Despite its undoubted potential and the growing number of studies on this topic, several challenges still hinder a broader adoption of H-FIRE therapy. The considerable variety and complexity of the experimental settings and the limited extent of the investigations conducted so far in this field, leave an unfilled gap of knowledge that separates the achievable results from actual large-scale clinical applications. A typical H-FIRE protocol, indeed, has to be defined in terms of targeted subject (e.g., type of subject, tissue, organ, pathologies, conditions), application devices (e.g., number, shape, and placement of electrodes), pulse parameters (e.g., waveform, sequence, on-time, frequency, voltage, number of repetitions) and evaluation conditions (e.g., ablation extent, unwanted thermal damage, assessment procedure, success rate, remission rate), while even the most extensive studies in this field only explore specific subsets of those parameters.

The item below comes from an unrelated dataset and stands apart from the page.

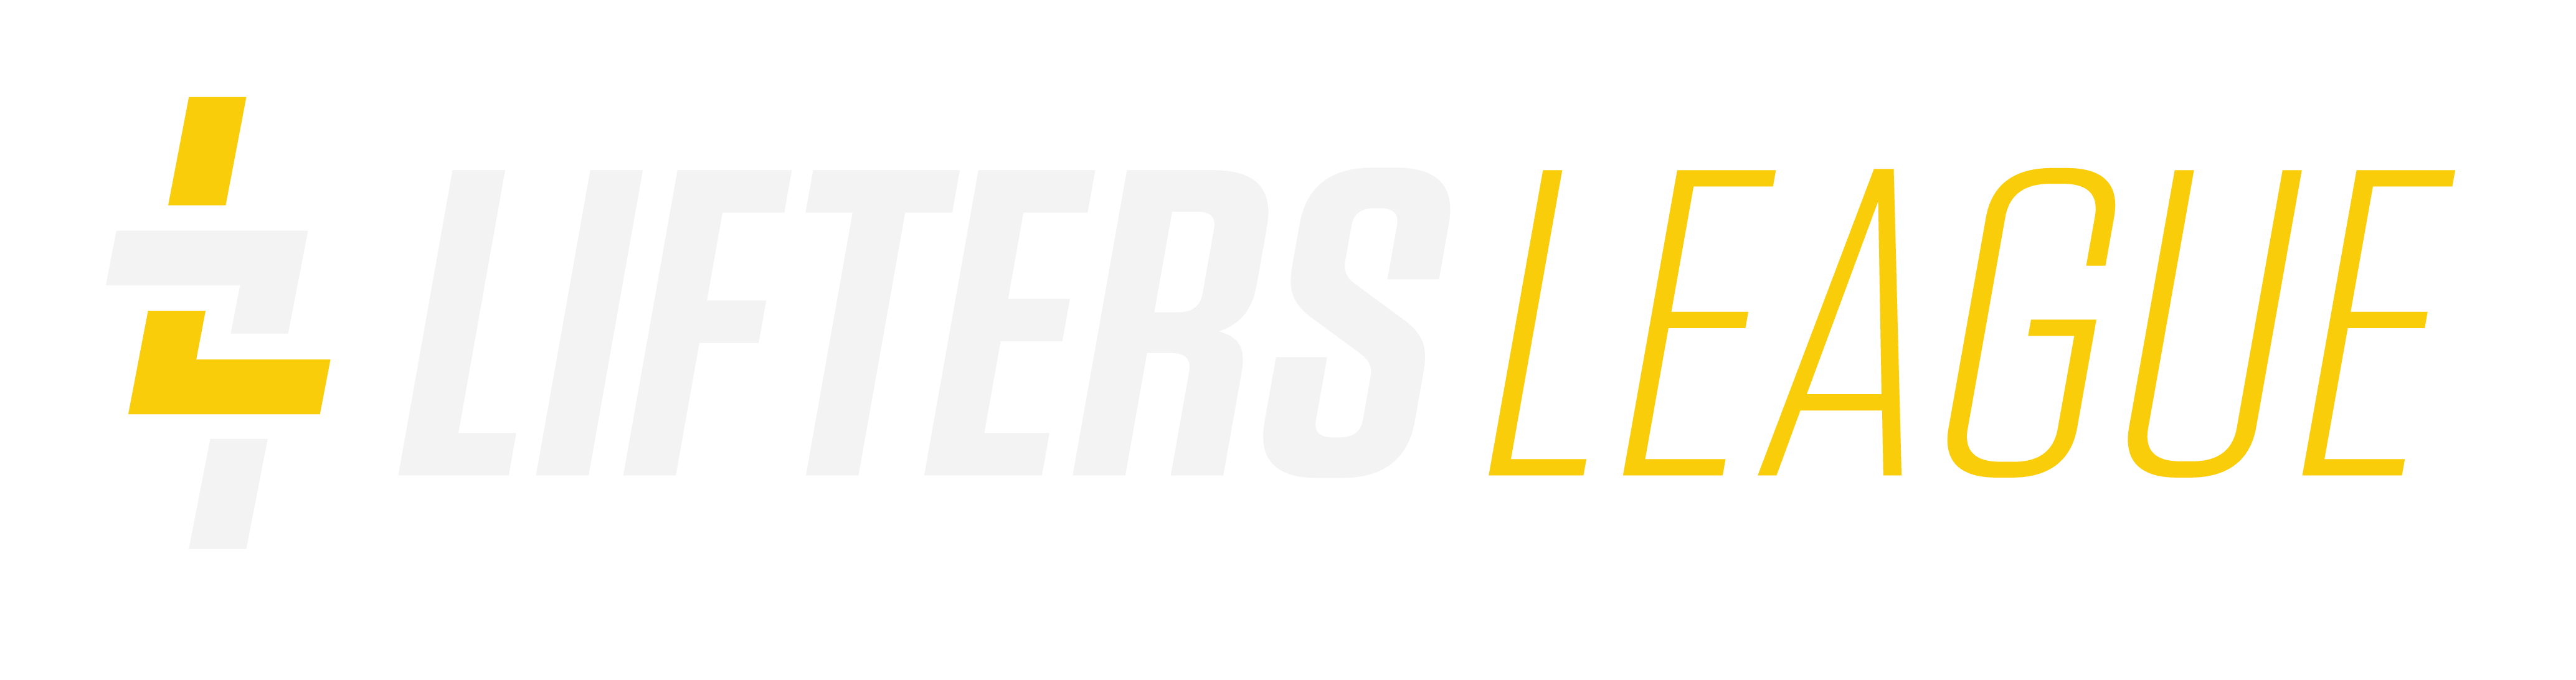 Lifters League Logo Rev

The problem is of an impressive complexity, even though the scientific literature is rich, and the available knowledge and experience quite important. In other words, we have an important knowledge basis, not always fully exploited, and a complex problem with many variables to be optimized.
In order to tackle these challenges, ML techniques can be used to improve the effectiveness of H-FIRE experimental settings. Properly tuned, ML solutions can represent a viable preliminary evaluation for clinicians and researchers willing to narrow their trials to only the most promising experimental settings. More specifically, our aim is to benefit from the large pool of already performed H-FIRE experiments and to use it as a reliable knowledge base for evaluating and/or optimizing new H-FIRE experiments. Such an evaluation is made possible by training the adopted ML solution with the data and results of the experiments in the knowledge base. Several benefits can be achieved in this way: first, clinical trials can be reserved for only the most promising experimental configurations. Second, protocol customization can be reached by tuning ML optimization parameters, without requiring too many preliminary tests. Third, an overall increase in H-FIRE efficacy can be targeted. To our knowledge, no other research works addressing the H-FIRE domain from this perspective are available in the current scientific literature.